US Army campaign in World War 2

The Lorraine campaign was the operations of the U.S. Third Army in Lorraine during World War II from September 1 through December 18, 1944. Official U.S. Army campaign names for this period and location are Northern France and Rhineland. The term was popularized by the publication of the volume The Lorraine Campaign of the official history of the U.S. Army in 1950.

==Explanation of title==
As written by the volume's author:

Precise military terminology has been employed, except in those cases where clarity and economy of style have dictated usage of a more general nature. Thus, the Third Army operations in Lorraine are considered to be a "campaign" in the general sense of the term, despite the fact that the Department of the Army does not award a separate campaign star for these operations.

Although the term Lorraine campaign is unofficial, it represents a more traditional use of the term "campaign" in that the battles described by the term were part of a larger operation that had a set goal. By contrast, the official U.S. Army campaign names refer to what were actually multiple campaigns and large military organizations with diverse goals.

Operationally, the Lorraine campaign encompasses the assaults across the Moselle and Sauer Rivers, the battles of Metz and Nancy, and the push to the German frontier and the crossing of the Saar/Sarre River during the first half of December 1944.

==Phases==

===Moselle===
The Third Army, led by General Patton, lacking gasoline, was unable to swiftly take both Metz and Nancy, unlike the actions that characterized the rapid advance across France. After the Battle of Arracourt following the fall of Nancy and the meeting engagement of Mairy, the Third Army had to pause and await resupply. For the OKW, stopping Patton was a priority that resulted in replacements and reinforcements for the German Fifth Panzer Army and First Army.

===Fortress Metz===
Until 12 October 1944 and the beginning of the assault on Metz, exceptionally rainy weather hampered military operations. This combined with spirited German resistance and competent use of the terrain around Metz to delay the capture of Metz until late in November 1944.

===Saar and Siegfried Line===
After the fall of Metz and its fortifications, the Third Army launched an offensive to advance to the Westwall.

Offensive operations by the U.S. Army in this part of the Western Front resumed in mid-March 1945 with the objective of occupying the Saar-Palatinate.

The attack across the Saar River, beginning on 24 November, was under way as the Germans opened the Ardennes Offensive and Alsace-Lorraine Offensive. Operations on the Saar were scaled down as Third Army shifted troops north to counterattack the German offensive into Belgium and Luxembourg from the south. The move north of the Third Army marked the close of the Lorraine Campaign.

==Casualties==
The 3rd Army sustained 55,182 combat casualties during the Lorraine Campaign (6,657 killed, 36,406 wounded, 12,119 missing).

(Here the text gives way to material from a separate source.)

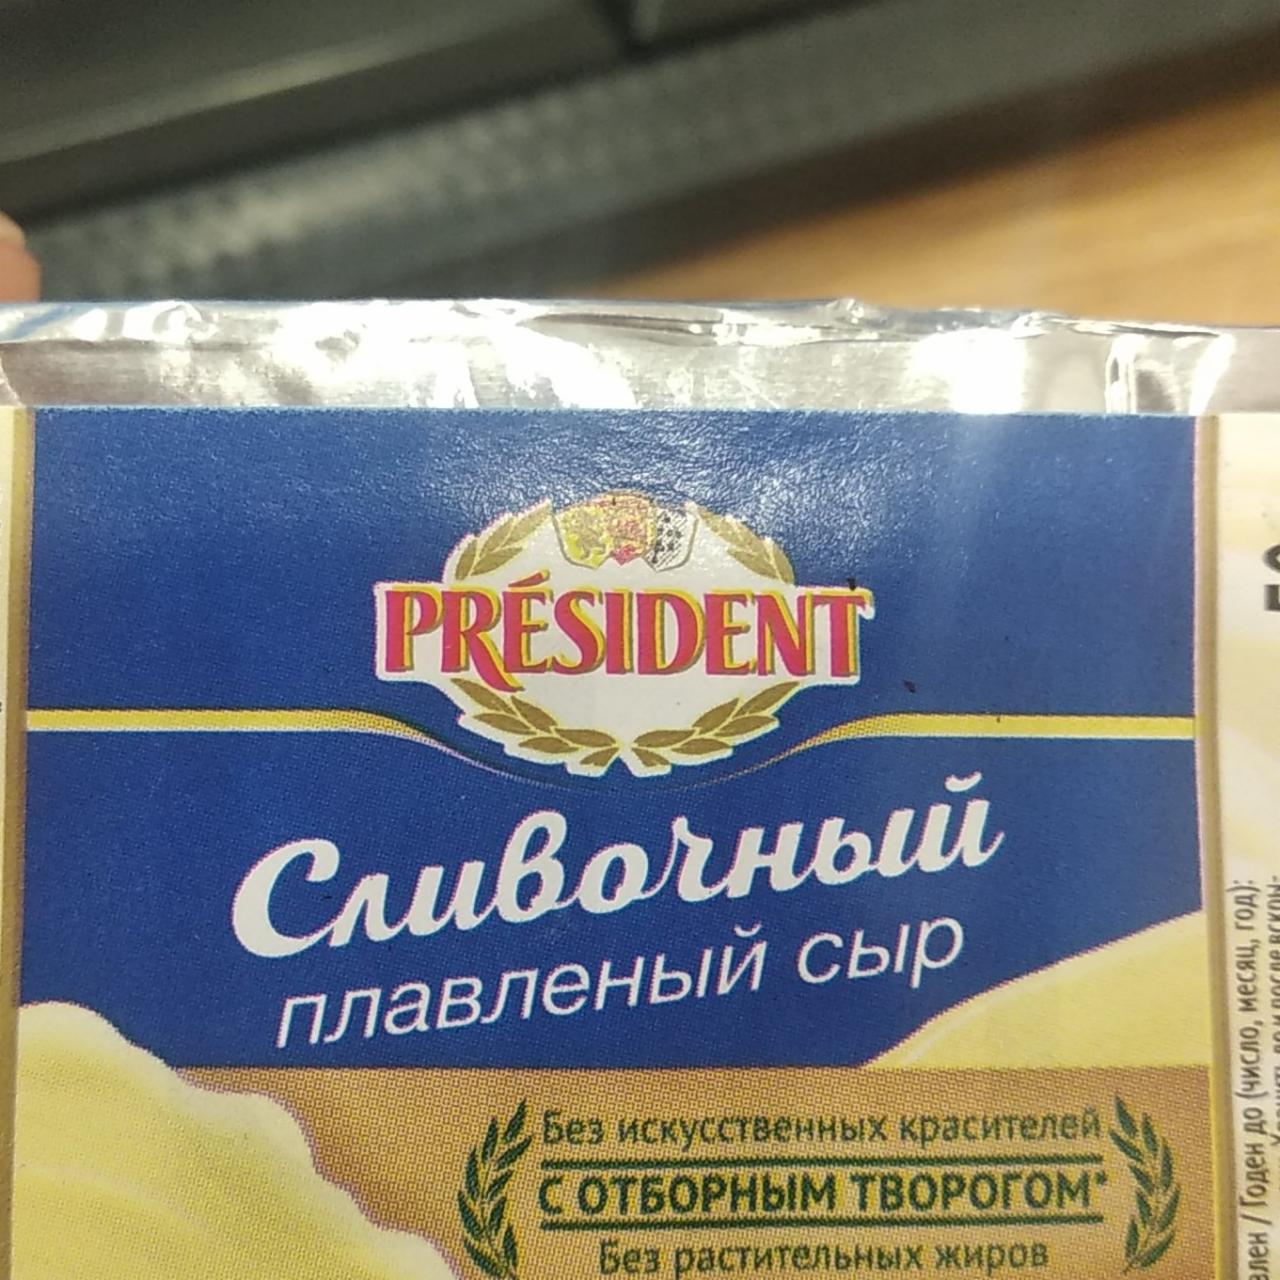 Фото - Сыр плавленый сливочный с отборным творогом President Президент
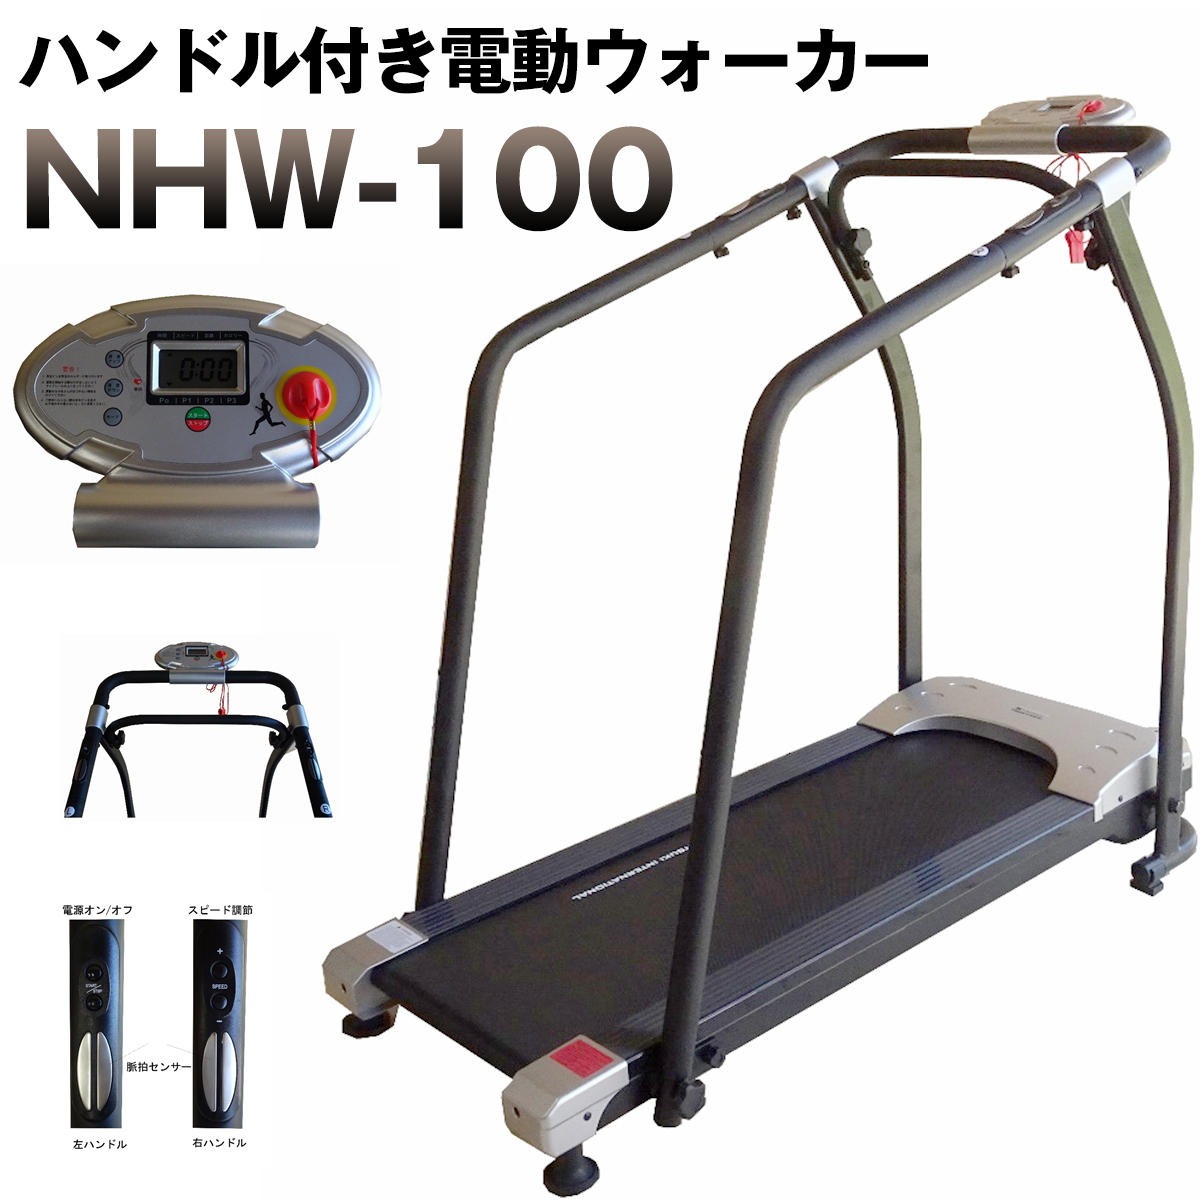 ハンドル付き電動ウォーカー NHW-100

Exact German losses in Lorraine are unknown, but were suspected to be severe. At least 75,000 German prisoners were captured by the 3rd Army during the offensive.

==Criticism==
Historian Carlo D'Este wrote that the Lorraine campaign was one of Patton's least successful, faulting him for not deploying his divisions more aggressively and decisively. A 1985 US Army study of the Lorraine campaign was highly critical of Patton. The document states:

Few of the Germans defending Lorraine could be considered first-rate troops. Third Army encountered whole battalions made up of deaf men, others of cooks, and others consisting entirely of soldiers with stomach ulcers.

Soldiers and generals alike assumed that Lorraine would fall quickly, and unless the war ended first, Patton's tanks would take the war into Germany by summer's end. But Lorraine was not to be overrun in a lightning campaign. Instead, the battle for Lorraine would drag on for more than 3 months.

Moreover, once Third Army penetrated the province and entered Germany, there would still be no first-rate military objectives within its grasp. The Saar industrial region, while significant, was of secondary importance when compared to the great Ruhr industrial complex farther north.

Was the Lorraine campaign an American victory? From September through November, Third Army claimed to have inflicted over 180,000 casualties on the enemy. But to capture the province of Lorraine, a problem which involved an advance of only 40 to 60 air miles, Third Army required over 3 months and suffered 50,000 casualties, approximately one-third of the total number of casualties it sustained in the entire European war.

Ironically, Third Army never used Lorraine as a springboard for an advance into Germany after all. Patton turned most of the sector over to Seventh Army during the Ardennes crisis, and when the eastward advance resumed after the Battle of the Bulge, Third Army based its operations on Luxembourg, not Lorraine. The Lorraine campaign will always remain a controversial episode in American military history.

Finally, the Lorraine campaign demonstrated that logistics often drive operations, no matter how forceful and aggressive the commanding general may be.

He discovered that violating logistical principles is an unforgiving and cumulative matter.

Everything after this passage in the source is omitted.